Не личного! Да какими еще они могли быть? Он заставил меня внимательно посмотреть на самого себя. Никто другой не мог бы сделать, что сделал я, если бы его хладнокровно не толкали на это горе и ярость, освященные гневом, стремление добиться справедливости там, куда не может дотянуться ни одна другая рука.

Я отодвинулся от вентиляции и лег головой к внутренней камере; это было у меня самое уединенное место. Он что-то там бормотал, начал сердиться. Мне это было безразлично. Я вел навязанную им борьбу против своего самосознания. Наконец он замолчал, а я предался своим страданиям.

Постараюсь писать об этом спокойно. Думаю, теперь я способен на это. Я любил только однажды и не знал этого до ее смерти. Возможно, это не совсем верно. Я любил всем сердцем, но плохо сам это сознавал — по крайней мере, несравнимо с экстазом и блаженством, каким любовь была для нее. Я был слишком вышколен, слишком цивилизован. Я любил ее, как китайский мандарин может любить цветок, прекрасный сам по себе, остающийся прекрасным на всю жизнь.

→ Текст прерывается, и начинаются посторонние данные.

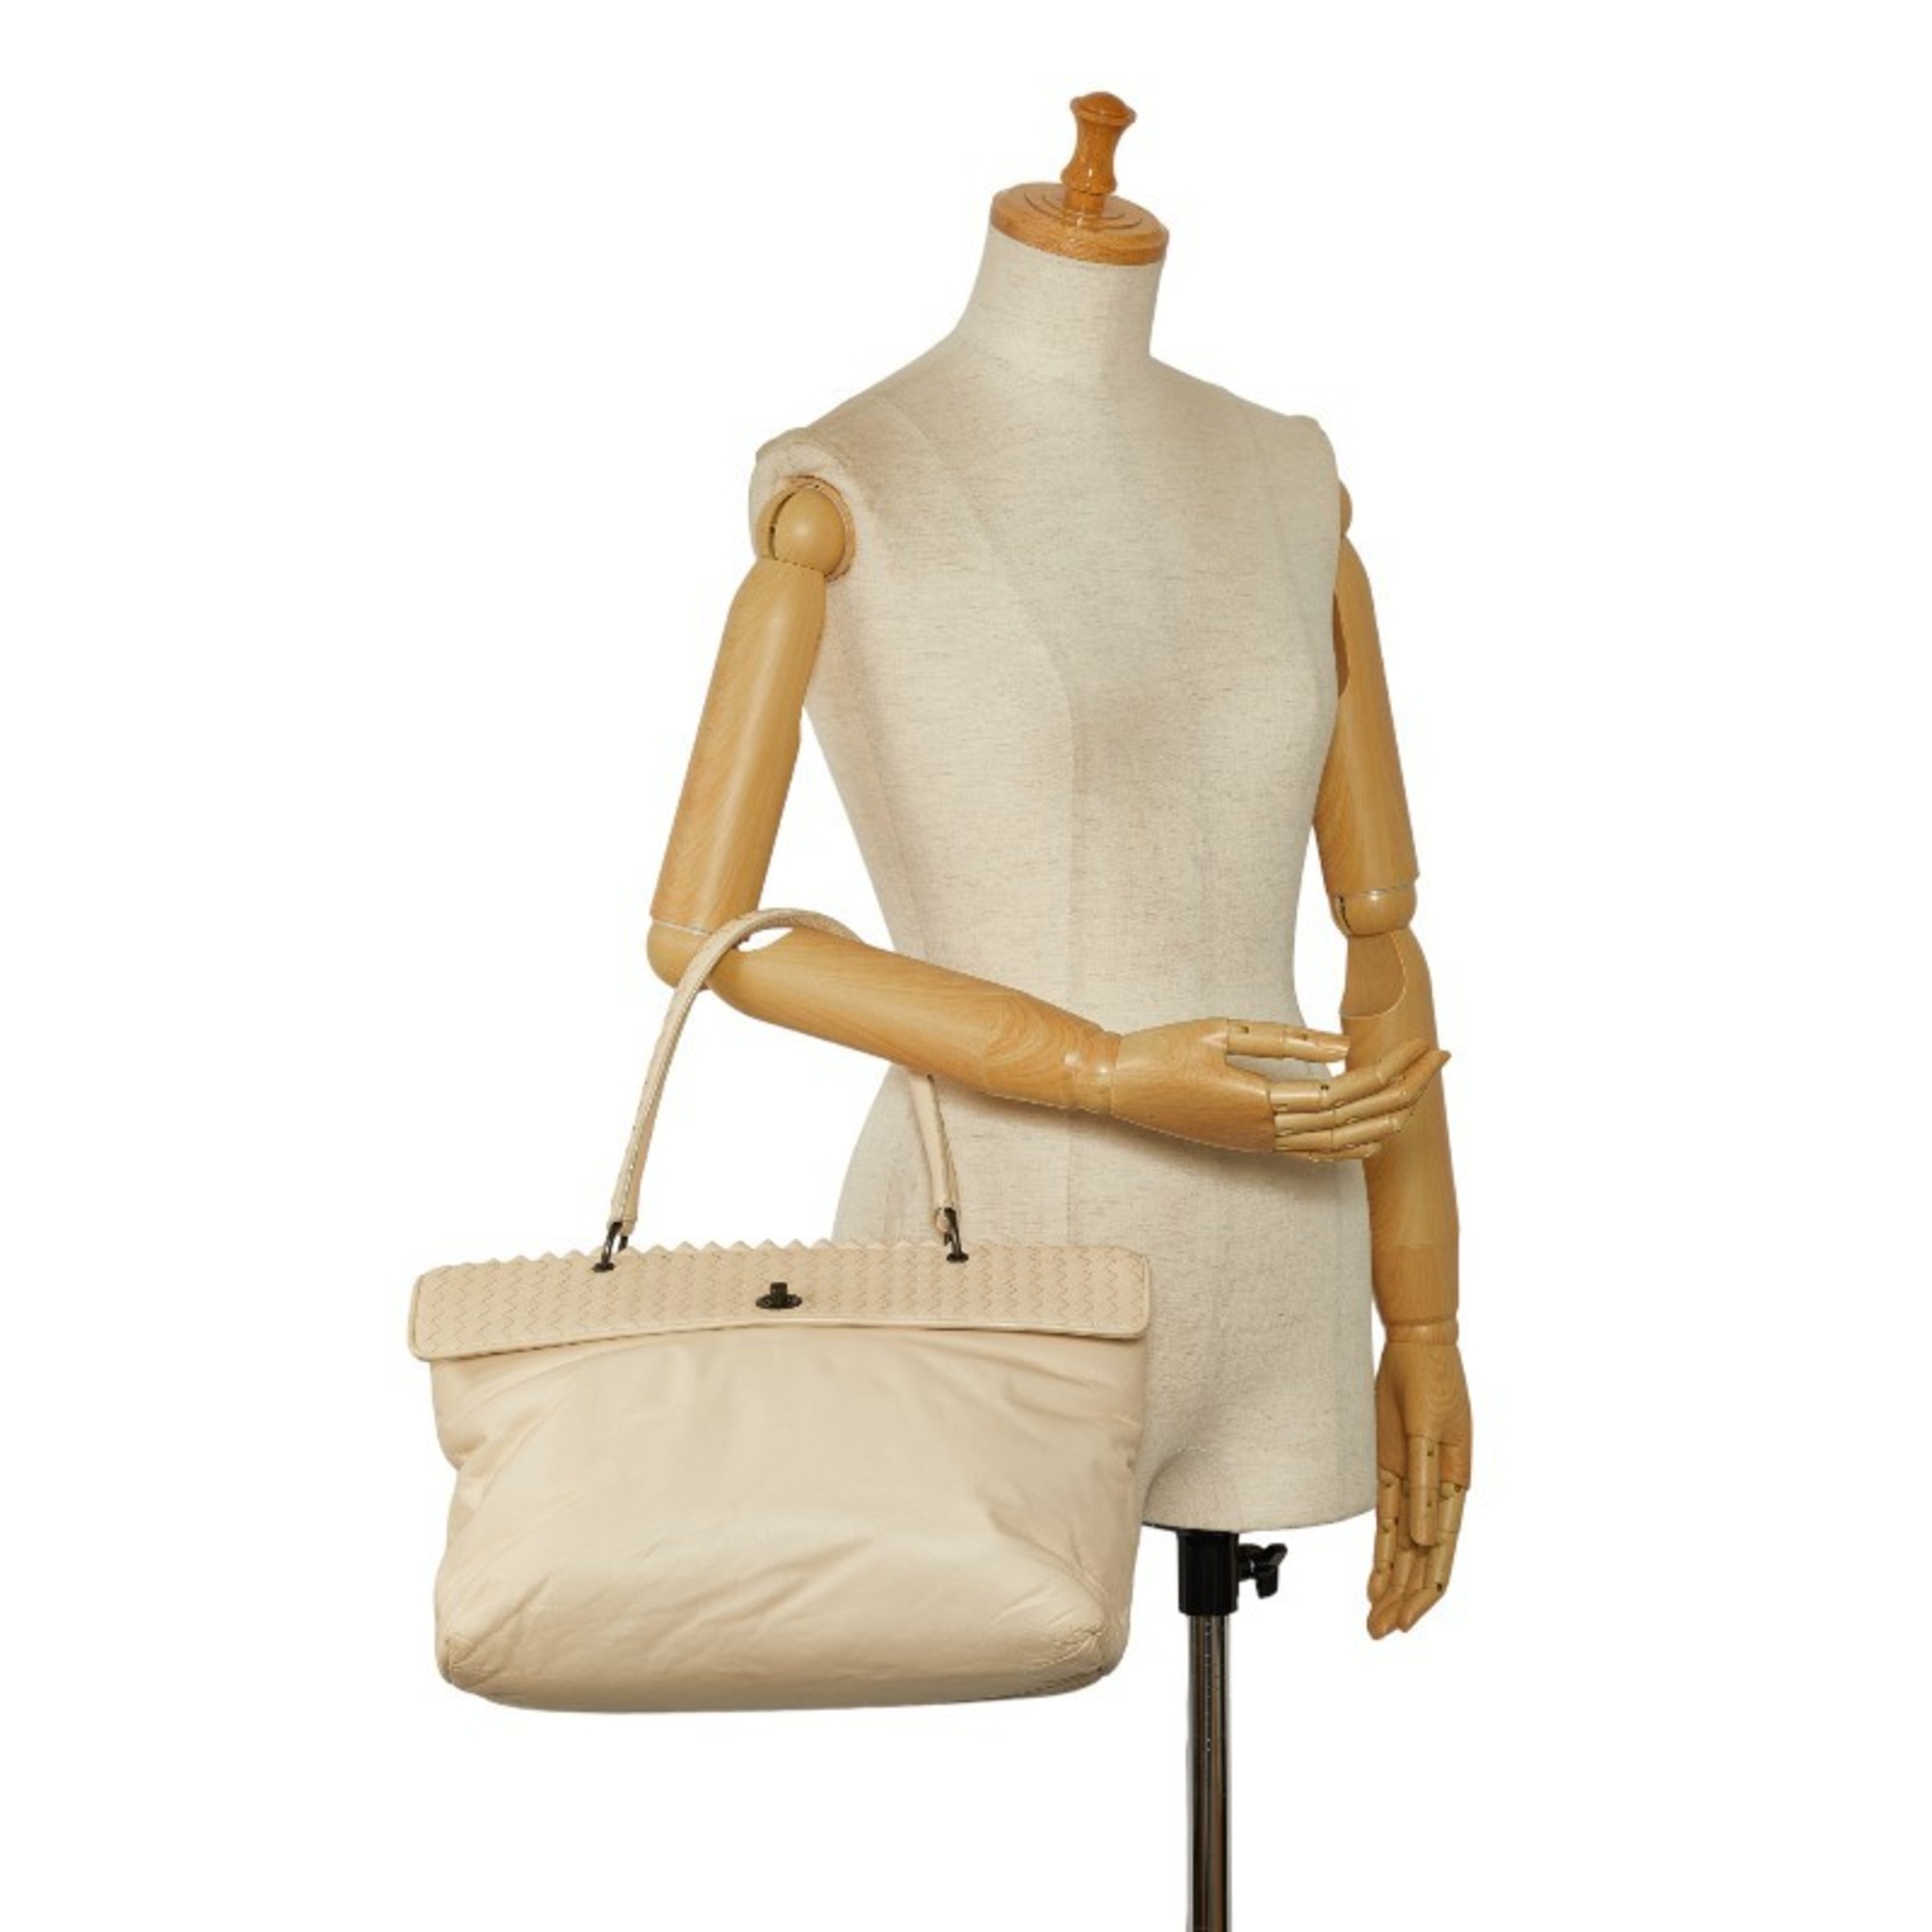 Bottega Veneta Intrecciato Handbag White Leather Women's BOTTEGAVENETA

Когда узнал о ее смерти, я не рыдал. Сказал себе сразу, что любовь была иллюзией. Я горевал по поводу гибели поразительного творения природы. В моем сознании была горькая печаль, какую вызвал бы пожар, уничтоживший мой дом, где жили пятнадцать поколений моего рода, — чувство безвозвратной тяжелой потери, несравнимое ни с каким несчастьем, а только с неизбывным человеческим горем.

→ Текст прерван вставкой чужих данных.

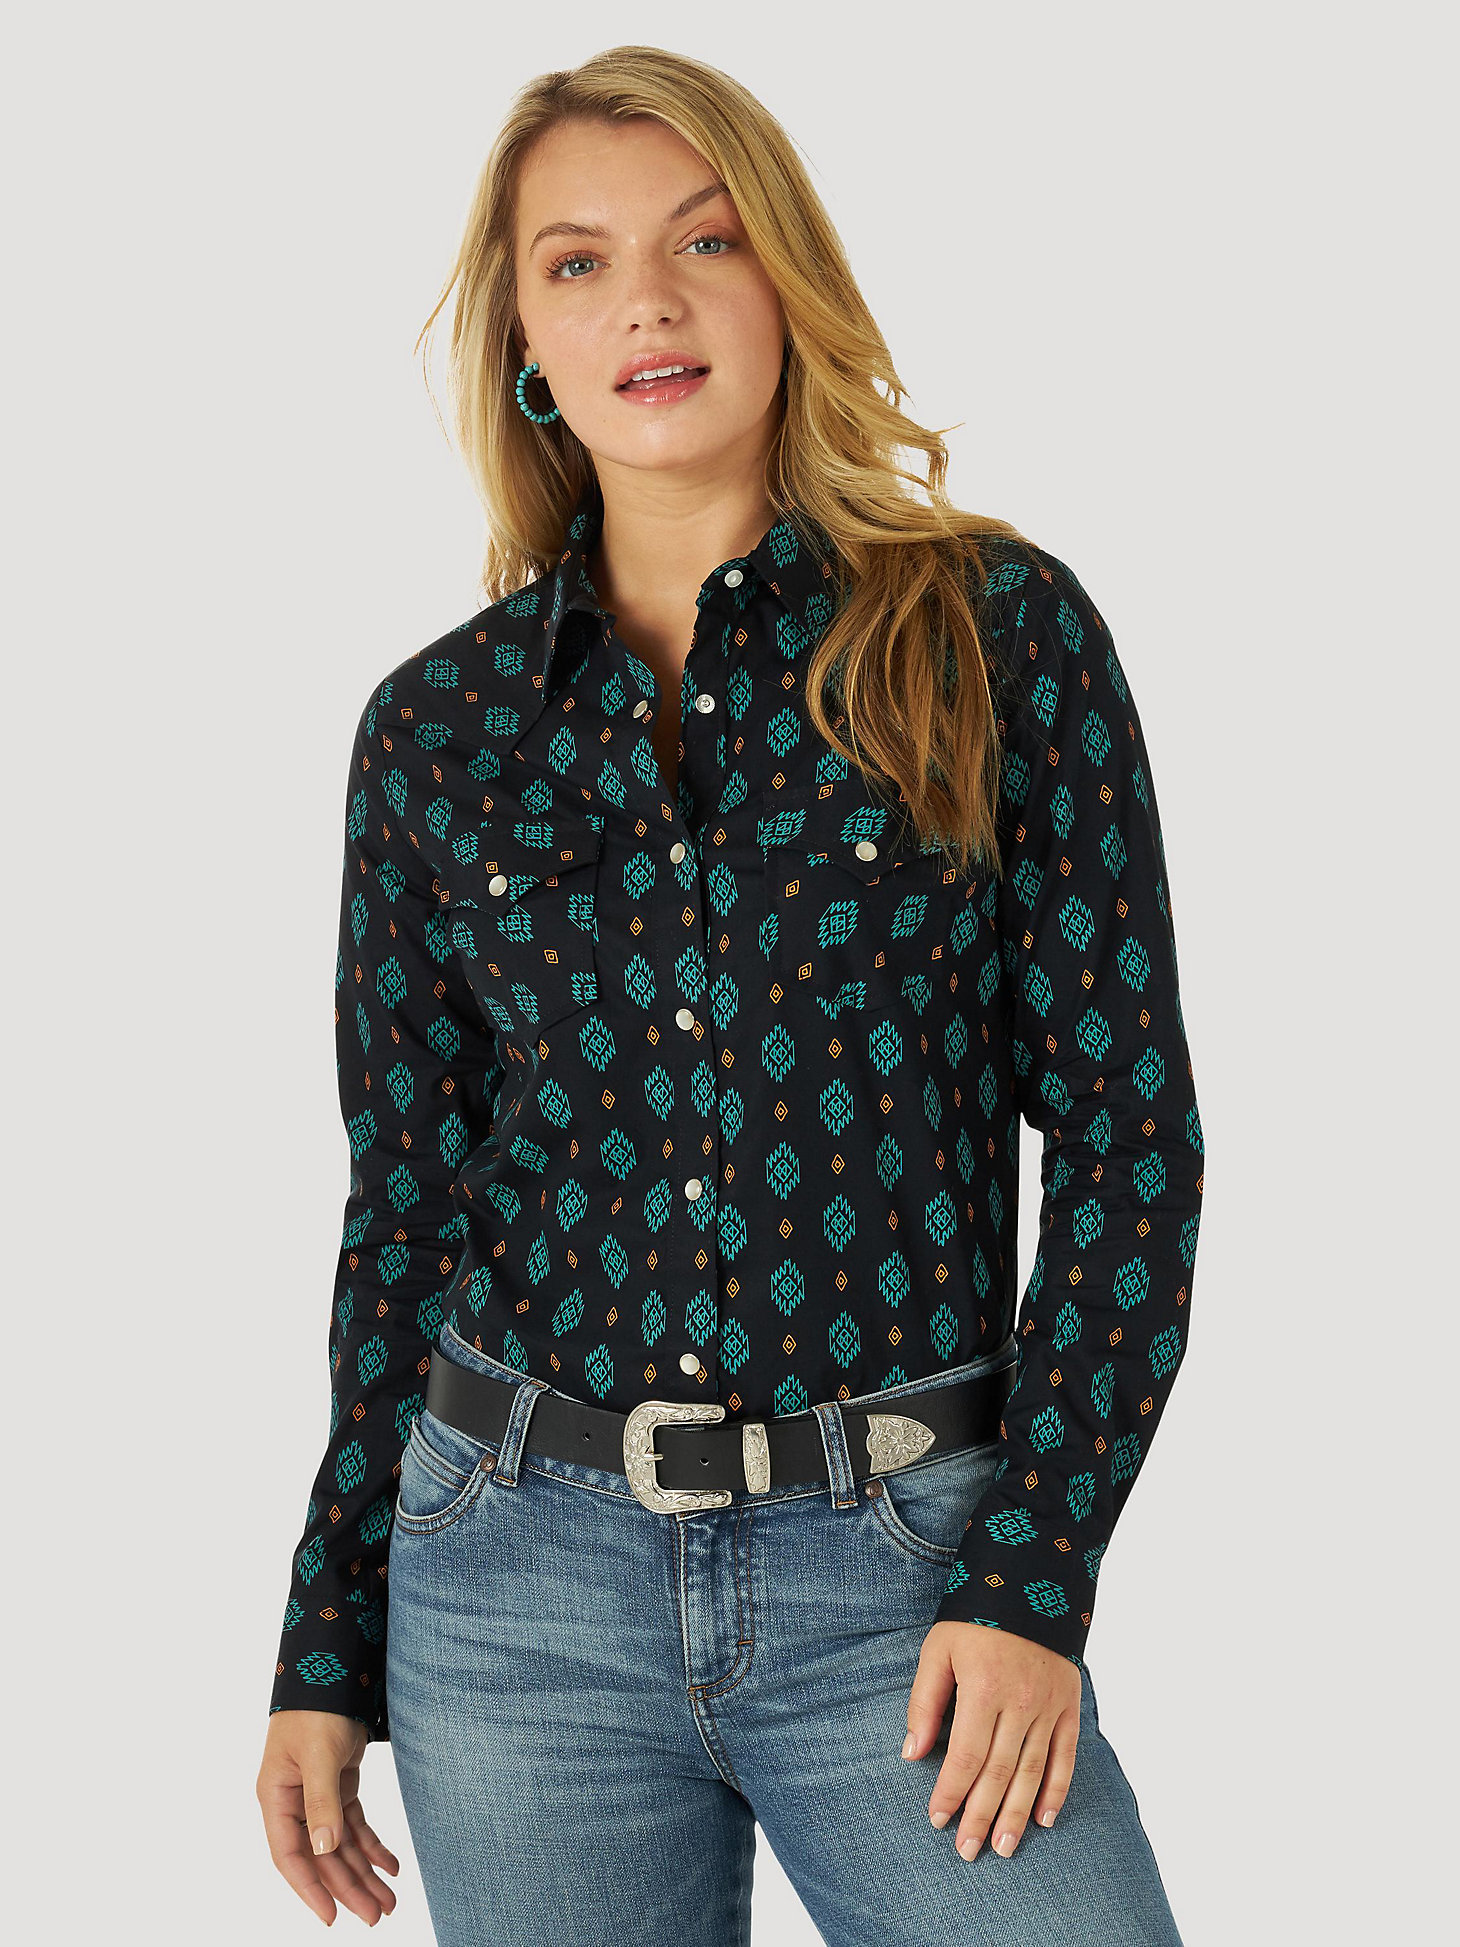 Women's Essential Long Sleeve Western Snap Print Shirt in Black alternative view 1

Вот, говорил я себе, что я считал своим чувством. Кто умеет не навязывать свои чувства друзьям и близким, тот также умеет не обременять ими и себя.

Все же я сходил с ума от горя и ненависти. Я называю тогдашнее свое состояние сумасшествием, потому что не понимал его. Легкость моей печали не была безразличием; это была темная завеса, накрывавшая меня, когда я не смел углубляться в свои мысли. Я чувствовал, что гнев пожирает меня. Я припоминаю свои злобные мысли, однако тогда совершенно не брал их в расчет. Я гнал их от себя, как только они проникали в сознание. Они мне были ни к чему, я ничего не мог поделать ни с горем, ни с ненавистью, ни с желанием отомстить.

Отправившись в Польшу, я, как мне думалось, взял совершенно законный курс: поехать и убить нечто в диком месте, чтобы заботы эти оставили меня.

Я не признавался себе в том, что или кого я хотел убить. Не признавался, пока Куив-Смит не развеял весь этот мой самообман.

Она была такой подвижной и такой чувствительной. Благородное дело обязательно должно было стать ее делом, она не могла иначе. Импульсивная, одухотворенная, умная — все в ней воплощалось с такой энергией, что казалось, она испускала сияние. Один мальчик, наблюдавший ее такой, говорил мне как-то, что ее окружает ореол света. Мне видеть это было не дано. Но как мне помнится, она ощущалась за пределами своего тела; ни ощупью, ни взглядом нельзя было определить с уверенностью — вот здесь она есть, а здесь ее нет. Ее кожу трудно было считать поверхностью; это было неопределенное сияние чего-то бледно-розового и оранжевого, что и переходило в тот яркий ореол.

Она, кажется, понимала, что в нас одинаково соединены импульсивность и интеллект. Ее умом правили эмоции; она с потрясающей логикой отстаивала свои взгляды, но ее преданность своему делу была лишена всякой логики. В себе я такого никогда бы и не подозревал, но это было и у меня. Я никогда не принимаю ничью сторону, никогда с полной верой не перескакивал от одного измерения к другому; я не воспринимаю огорчения, если только они не задевают больное, пока горести эти не уходят в прошлое. И все же мной правят эмоции, хотя я искореняю их в зародыше.